In everyday chat and coding tasks you won’t notice the 2–3 point quality gap between the two Qwen3 models. In structured math problems or complex multi-step reasoning, the dense 32B will occasionally produce a more complete chain of reasoning. Whether that marginal accuracy gain is worth 3–5× slower generation is a use-case question, answered below.
Thinking Mode: /think and /no_think
Qwen3-30B-A3B includes a built-in thinking mode switch — you don’t need a separate model file. Add /think anywhere in a prompt to activate extended chain-of-thought reasoning.
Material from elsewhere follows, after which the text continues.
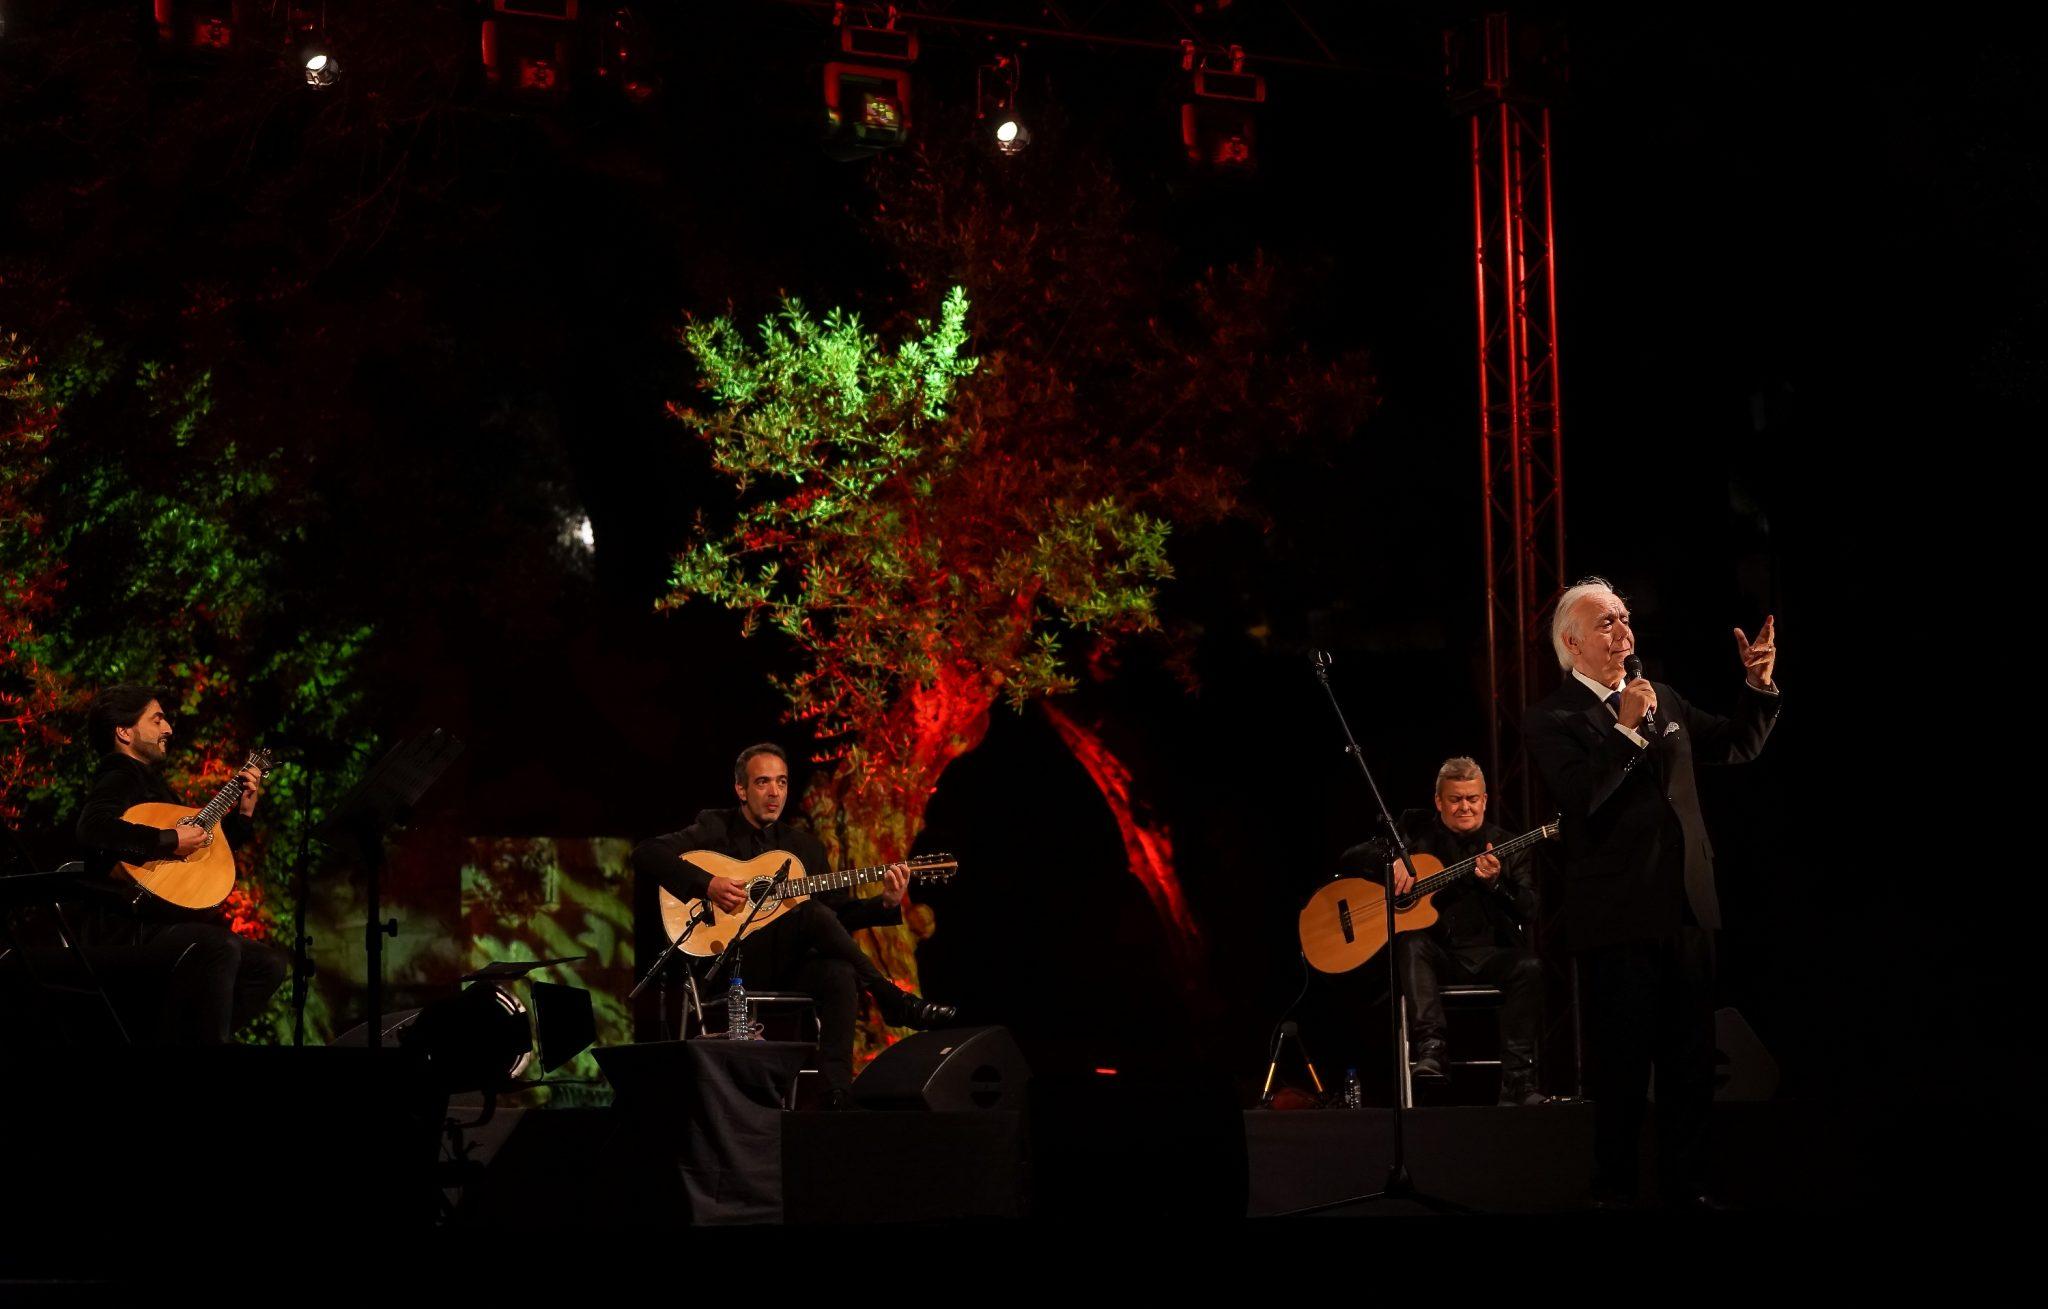 De lado para o observador, Carlos do Carmo canta de microfone na mão. Atrás do fadista, à esquerda do observador, os músicos.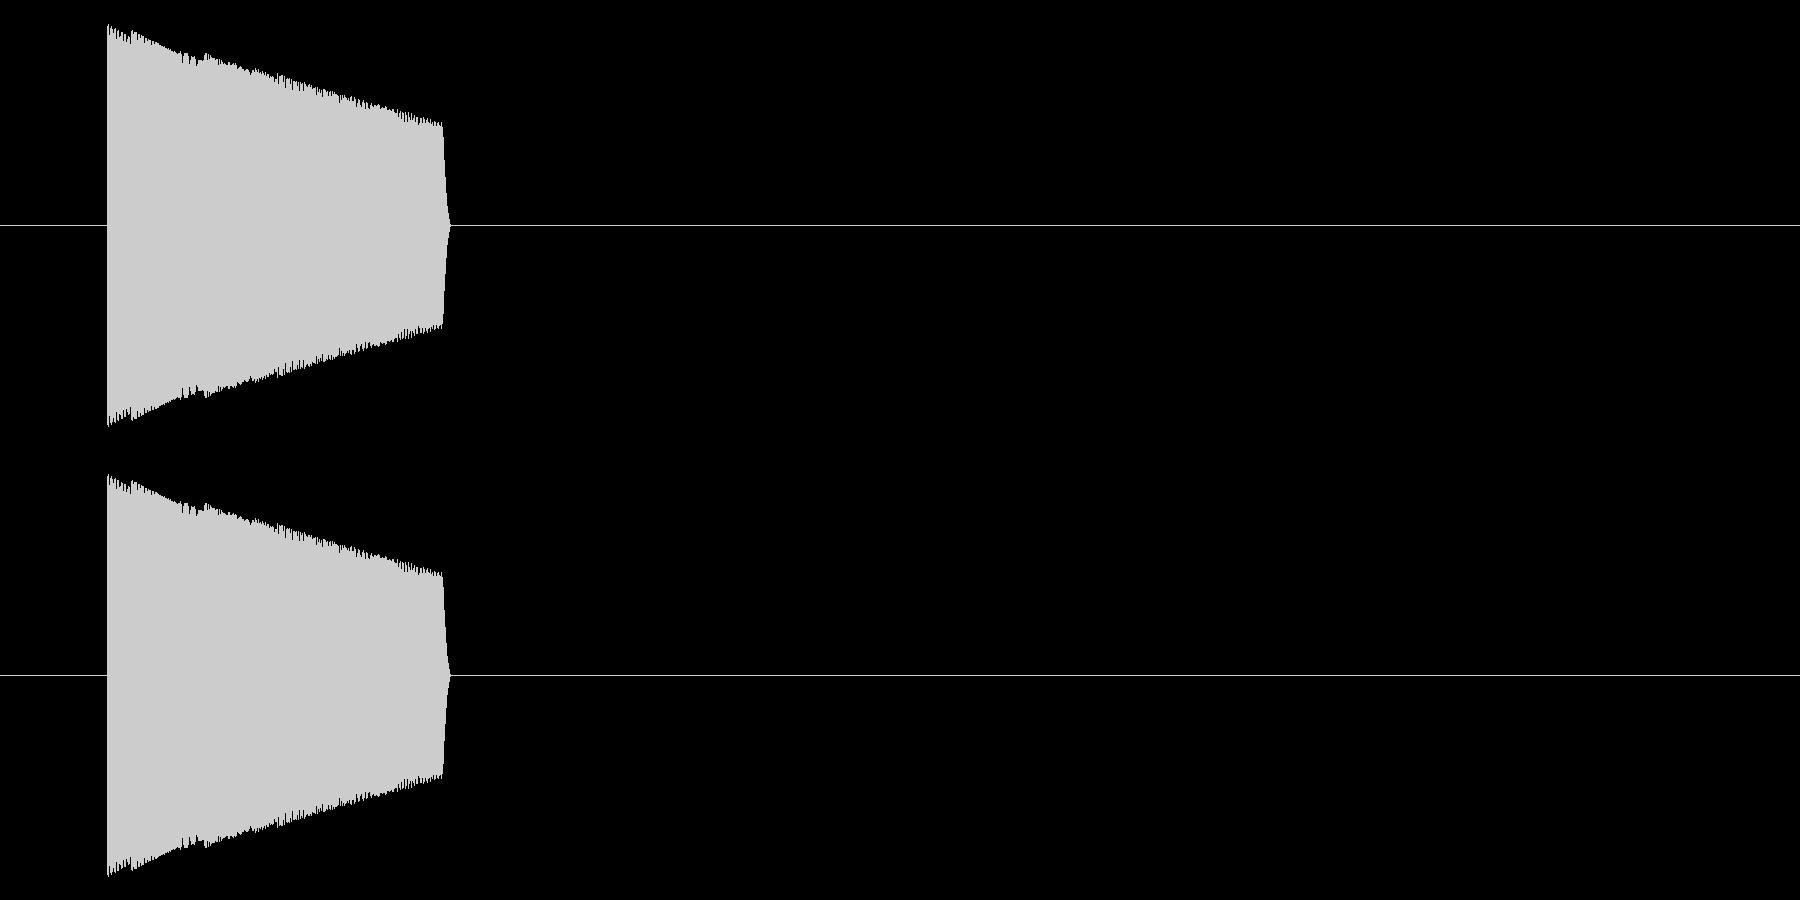 【GB 汎用02-08(ピッチ)】 の未再生の波形

The model generates its reasoning inside <think>...</think> tags before producing the final response. Add /no_think to turn it off within the same session.
When thinking mode helps:
- Multi-step math problems where you’d spot-check the intermediate steps
- Code debugging with non-obvious logic errors
- Planning tasks where explicit tradeoff reasoning is valuable
- Anything you’d hand to a smart person and ask them to “walk me through your reasoning”
When to leave it off:
- General chat and summarization (adds latency with no quality gain)
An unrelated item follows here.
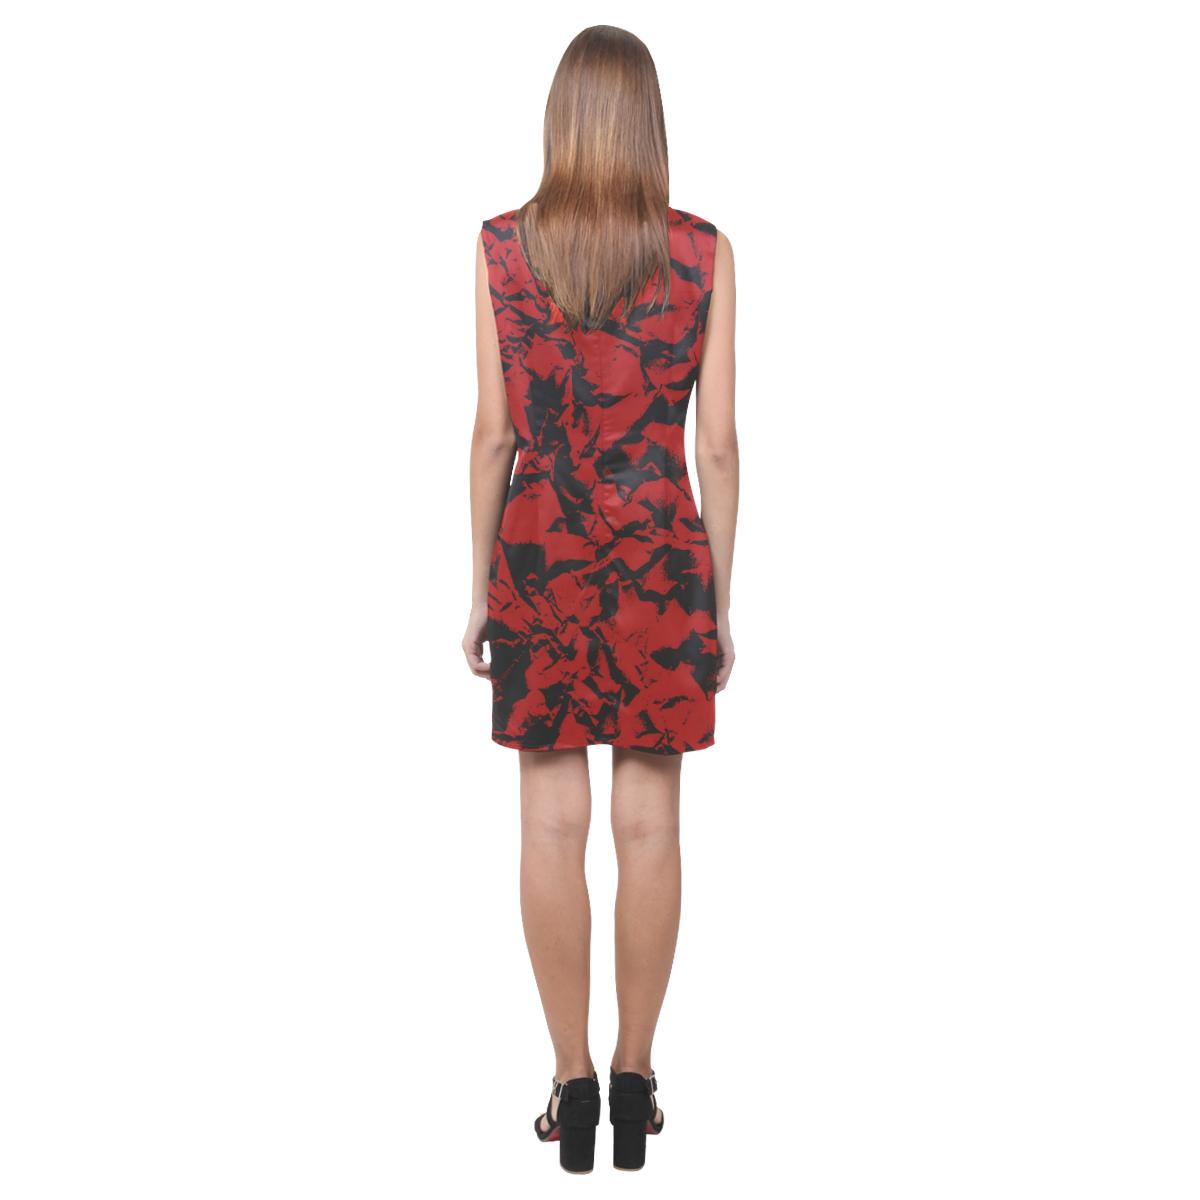 arruga vneck dress Phoebe Sleeveless V-Neck Dress (Model D09)

- Simple code generation from a clear specification
- Creative writing and brainstorming
- RAG retrieval and document Q&A
The speed cost of thinking mode is real. On an RTX 4090, a complex math problem generates several hundred to several thousand thinking tokens inside the <think> block before the answer appears — adding noticeable latency compared to non-thinking mode. For interactive chat, this feels slow. For a workflow that runs overnight batch tasks, it’s fine.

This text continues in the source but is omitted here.